Читать «Именины сердца: разговоры с русской литературой» онлайн - страница 188
Захар Прилепин
— Какие периоды в литературе 1991-2008 годов вы бы выделили?
— В «почвеннической» — два периода. Первый, с 1991 по 2001 год, — назовем его «В катакомбах». И период с 2002-го и по сей день — назовем его «Возвращение». Второй период ознаменован прорывом Александра Проханова с «Господином Гексогеном», возможностью многих «почвенников» издаваться в больших издательствах, внесением в учебники текстов Валентина Распутина и т.д. На днях президент поздравил Станислава Куняева с юбилеем: что тут говорить… Но если «русская литературная партия» в литературе позволит использовать себя власти в качестве ручного медведя с кольцом в носу, закончится это бездарно.
В «либеральной»: 1991-2001 годы — «Пляски на гробах», а с 2001 года и далее — «Успокоение»: у иных плясать нет сил, о вторых забыли, третьи, самые лучшие, что называется, «думают о душе», поэтому и остаются в литературе.
— Что более важно в художественном произведении — содержание или форма? Искупает ли совершенство одного недостатки другого?
— Ничего не искупает ничего, все равноценно. Я вообще бы о другом сейчас немного хотел поговорить. Я по образованию филолог, весьма сомнительных успехов в учебе добивавшийся, но все-таки. Так вот, я как филолог могу не без некоторого успеха доказать никчемность формы и содержания любого текста; особенно если о современниках речь идет. Все это последовательность весьма несложных, а порой и подлых манипуляций. Мы читали отличные эссе о том, что Бродский плохой поэт, Лимонов бездарный писатель, Распутин никакой, Солженицын, Искандер, кто там еще… Вот Игорь Шайтанов успешно доказывает, что Юрий Кузнецов не столь хорош, как иные думают…
Это все признаки нормального литературного процесса, нечего жаловаться. Но в итоге надо признать, что нет никаких точных измерительных приборов, доказывающих безупречность того или иного текста. Зато есть некие общественные, литературные договоренности об иерархиях, не всегда внятные.

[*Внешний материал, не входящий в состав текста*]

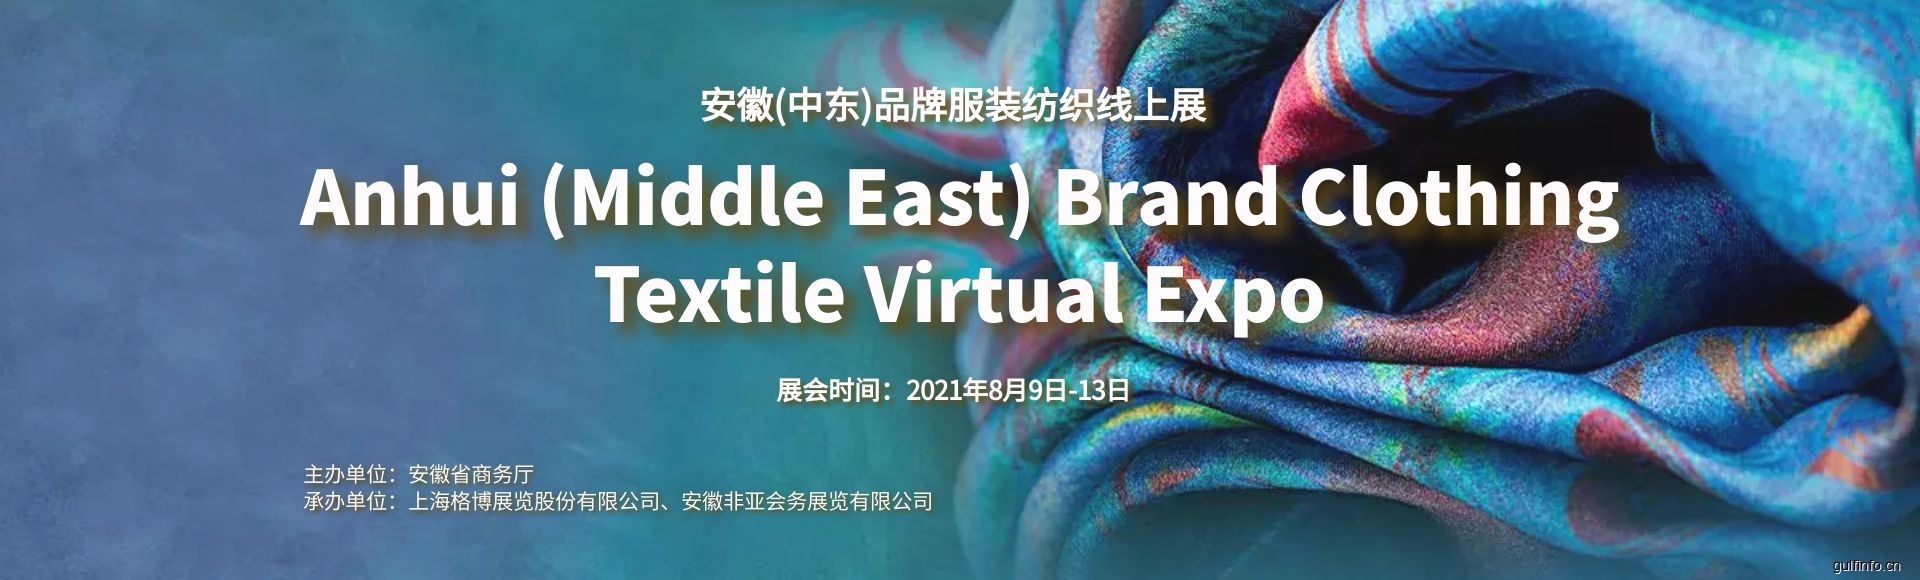 2021安徽(中东)品牌<font color=#ff0000>服装纺织</font>线上展即将启动

Вот мне очевидно, что Валентин Катаев — как писатель — настолько изящен, умен, тонок, что — не буду называть имен — многие его современники, прописанные в нынешних литературных святцах, и рядом не должны стоять. Но разве я могу об этом сказать в приличном обществе, чтобы не приметить сразу эдакие брезгливые гримасы: «ну да, ну да… ну-ну…»? Раскрыл на днях учебник литературы и, ничего нового не ожидая там увидеть, все-таки в очередной раз подивился: да, хороший писатель Зощенко, просто замечательный, и Трифонов хороший, и Шукшин, и Окуджава… Я только не понял, где Леонид Леонов? Завалился куда-то? Но это то же самое, если бы в XIX веке куда-нибудь завалился
Достоевский и на его месте появился Гарин-Михайловский — отличный, кстати, автор, ничуть не хуже Трифонова и очень с ним похожий. Но и Гарина-Михайловского тоже нет в учебнике, и Гаршина нет, а вот Леонид Андреев есть. Ничего не ясно в итоге. Я к тому, что в иерархии высоких образцов литературы зачастую не форма и содержание определяют место писателя, а сцепка очень многих дурного качества случайностей.